Pero Jake normalmente no salía con las camareras. Las camareras
trajeron los platos sucios, las sobras que les decían a los cocineros si
los platos estaban buenos o no esa noche. Por lo que Chloe podía
decir, los ayudantes eran solo manos para los chefs y oídos para las
camareras, quienes les susurraban un torrente constante de
peroratas severas.
"Entonces, ¿cuál de las princesas es esta noche?" Jake preguntó
sonriendo.
- Como esto ?
“Alguien te hizo llorar. Apuesto a que es uno de
camareras No te preocupes, agregó al ver su expresión, no voy a
derramar los frijoles. ¿Notaste esa pared en la cocina entre los chefs y
las camareras? No tengo ninguna cuenta para rendir en el otro lado.
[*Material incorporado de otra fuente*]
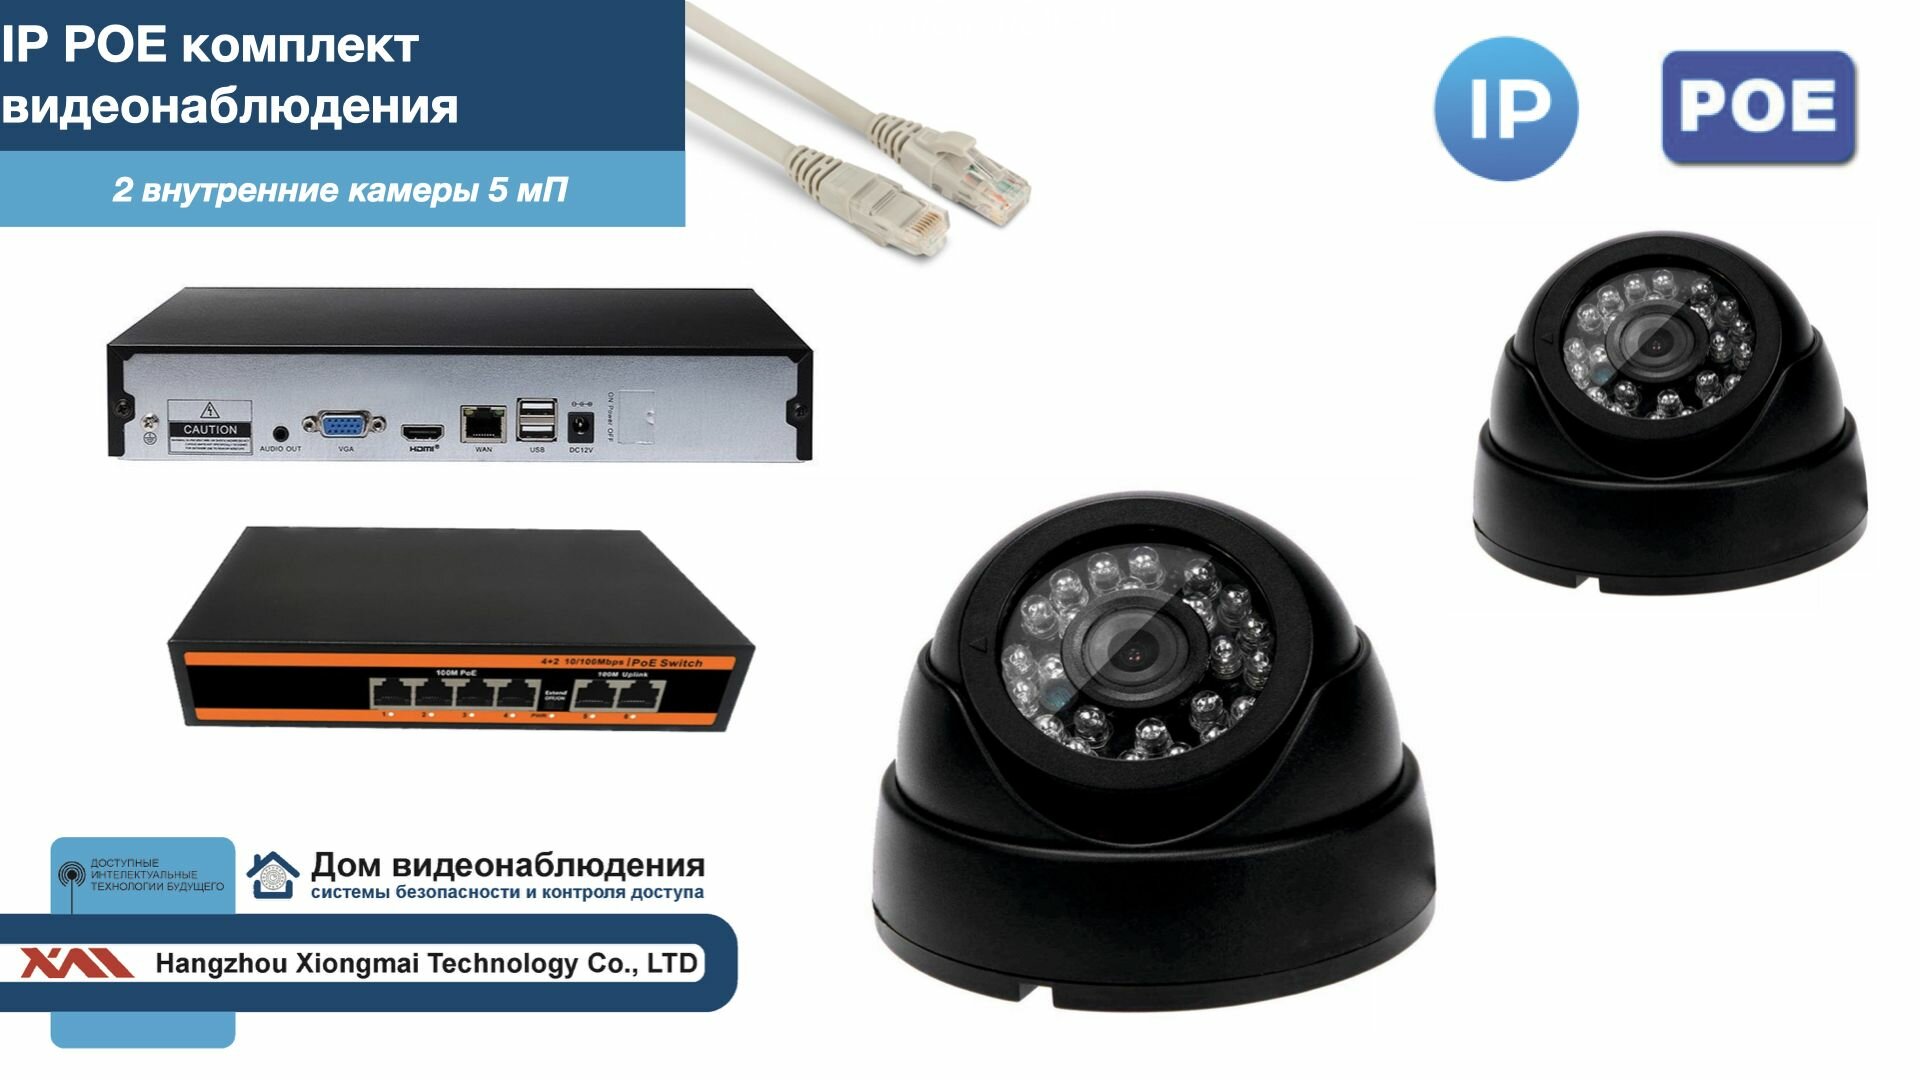 Полный IP POE комплект видеонаблюдения на 2 камеры (KIT2IPPOE300B5MP)
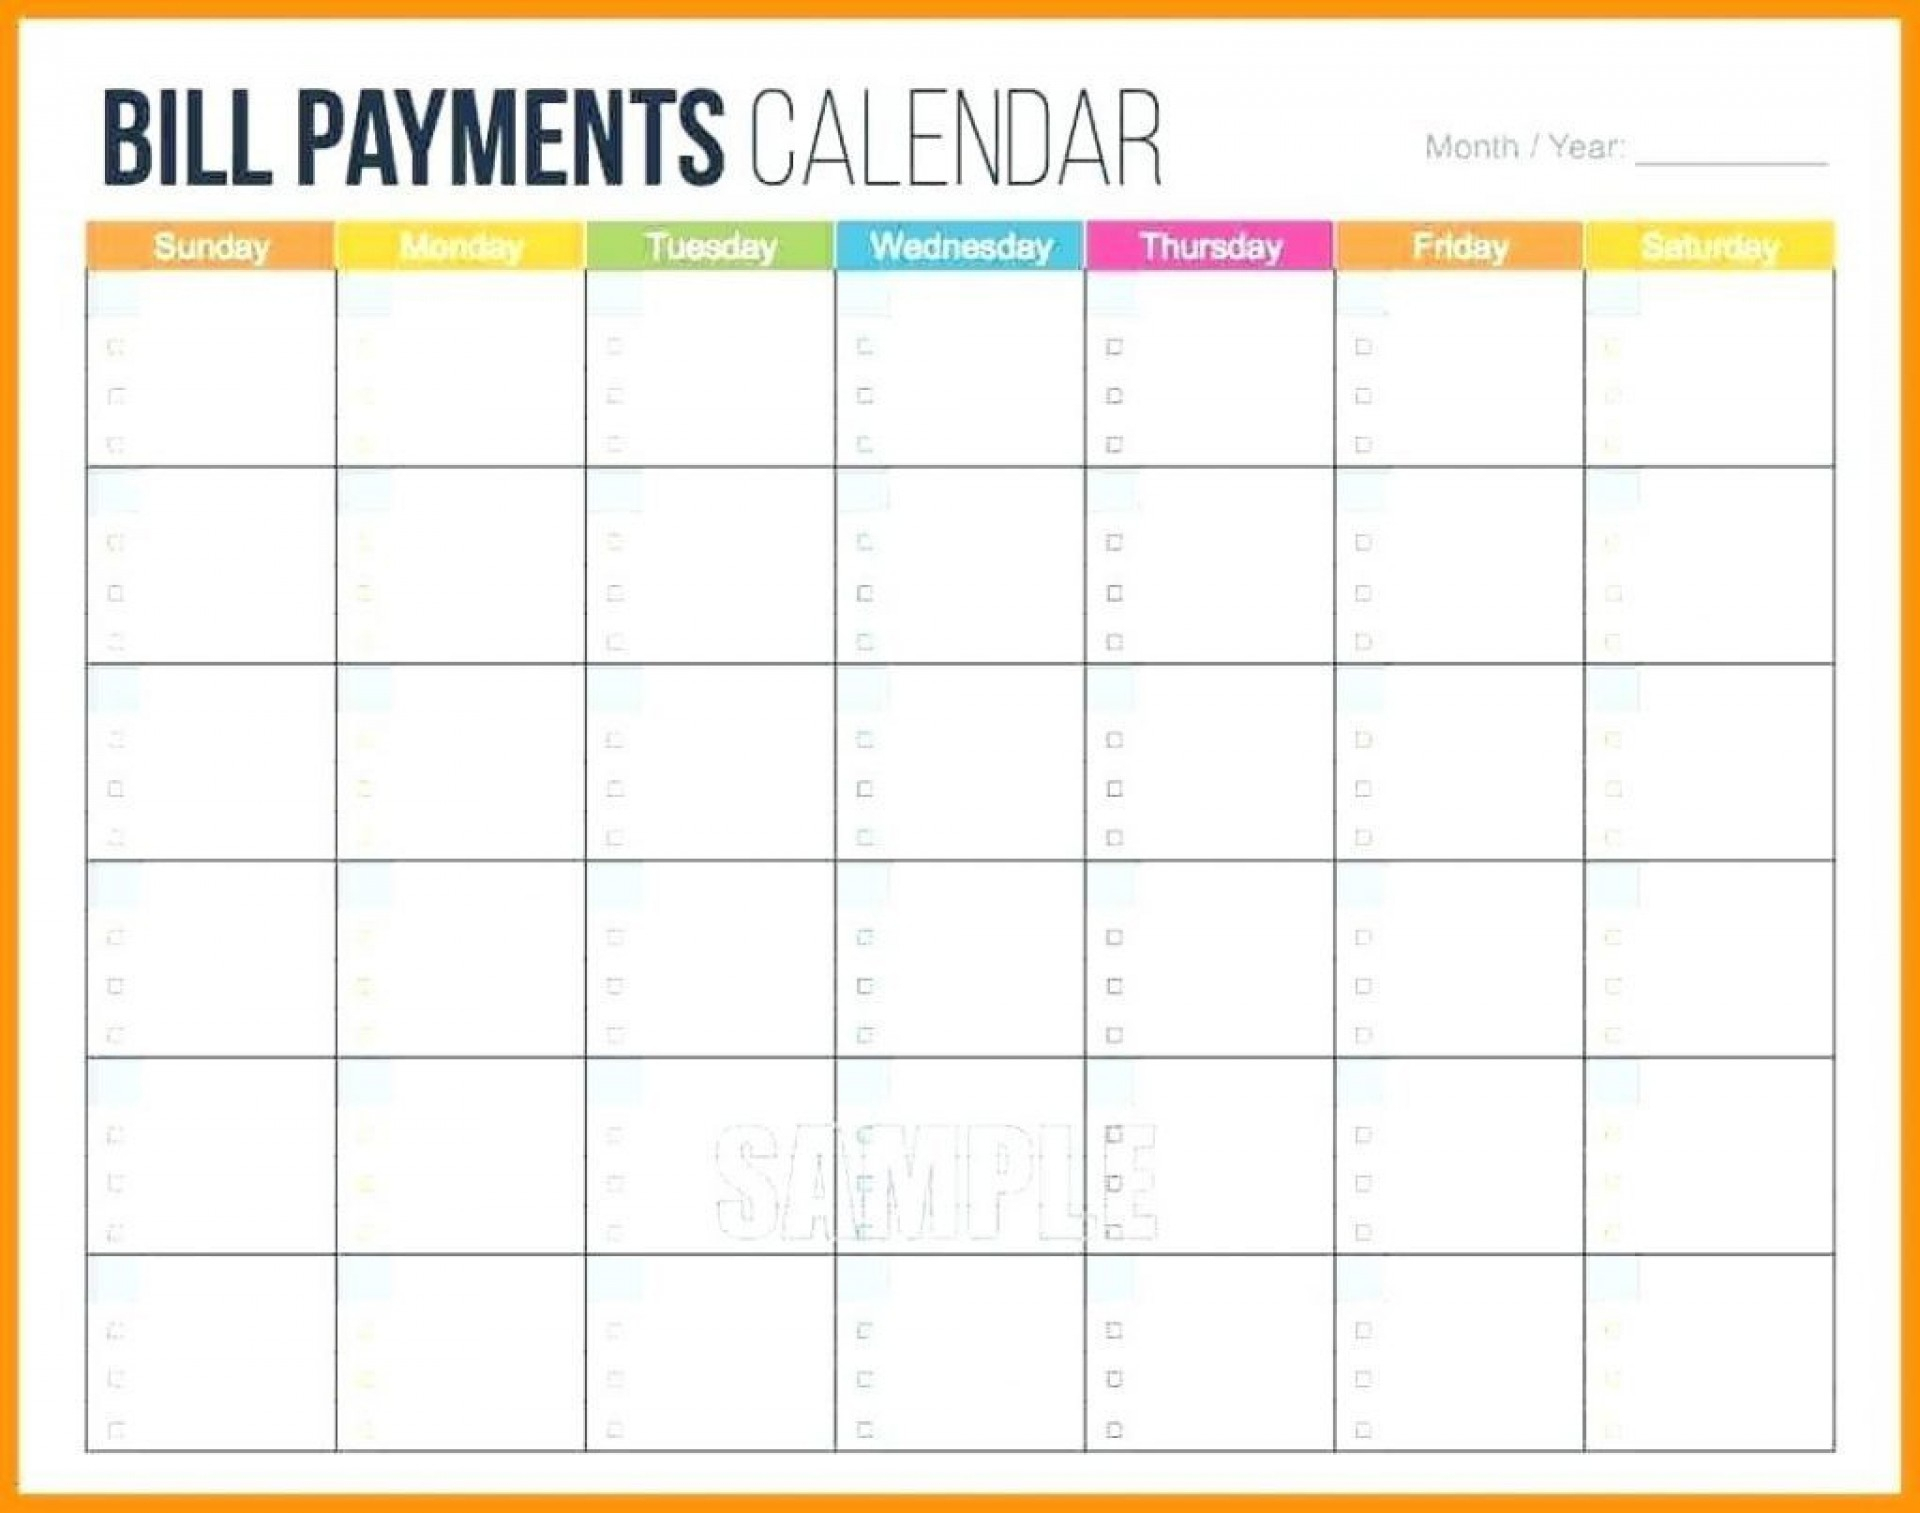 026 Bill Pay Calendar Template Weekly Schedule Sunthrusat

Chloe le dio un mordisco a la hamburguesa. Era bueno y desordenado


para comer. Se limpió la boca con el dorso de la mano.
- Cintia. Tiré una copa de vino en una de sus mesas. Lo que no
mencionó fue que Cynthia le había dado un largo discurso sobre
su incompetencia y su vida amorosa ciertamente pésima, y agregó:
"Y ya que estás, si te quitas esta porquería negra que tienes en los
ojos". »
- ¡Ay! La mismísima reina del baile...
La sonrisa de Jake siempre te tomaba por sorpresa.
"Solo deja de servir sus mesas por un momento", continuó.
Él. Ella entenderá el mensaje.
Chloe consideró discutir con Jake sobre las agallas que requeriría tal
empresa, pero él ya se estaba levantando.
- Debo volver. Tú también, apuesto. Quédate cuando tengas
acabado. Algunos de nosotros nos quedamos después del trabajo.
Chloe asintió, incapaz de decir una palabra.
Cuatro meses después, dejó a sus padres y se mudó con Jake.
Traducido del francés al español - www.onlinedoctranslator.com

La vida con Jake no era exactamente lo que ella había imaginado,


aunque tampoco tenía una idea muy clara de sus expectativas. La
primera semana se sintió como si fuera la reina del baile. Cuando Jake
estaba en el último turno, trajo elementos de la segunda página del
menú: bistecs, camarones y salteados que no estaban en la lista de
elementos disponibles para las camareras, que estaban en la última
página del menú. menú, en la sección “Sándwiches y comidas ligeras”.
Jake la despertó y le dio de comer con los dedos; accidentalmente
derramó salsa sobre ella para poder limpiarla con la lengua, lo que
dio lugar a todo tipo de actividad de la que Chloe salió exhausta y más
propensa que nunca a hacer gestos incómodos,

Esa noche, el gerente la abordó cuando se iba.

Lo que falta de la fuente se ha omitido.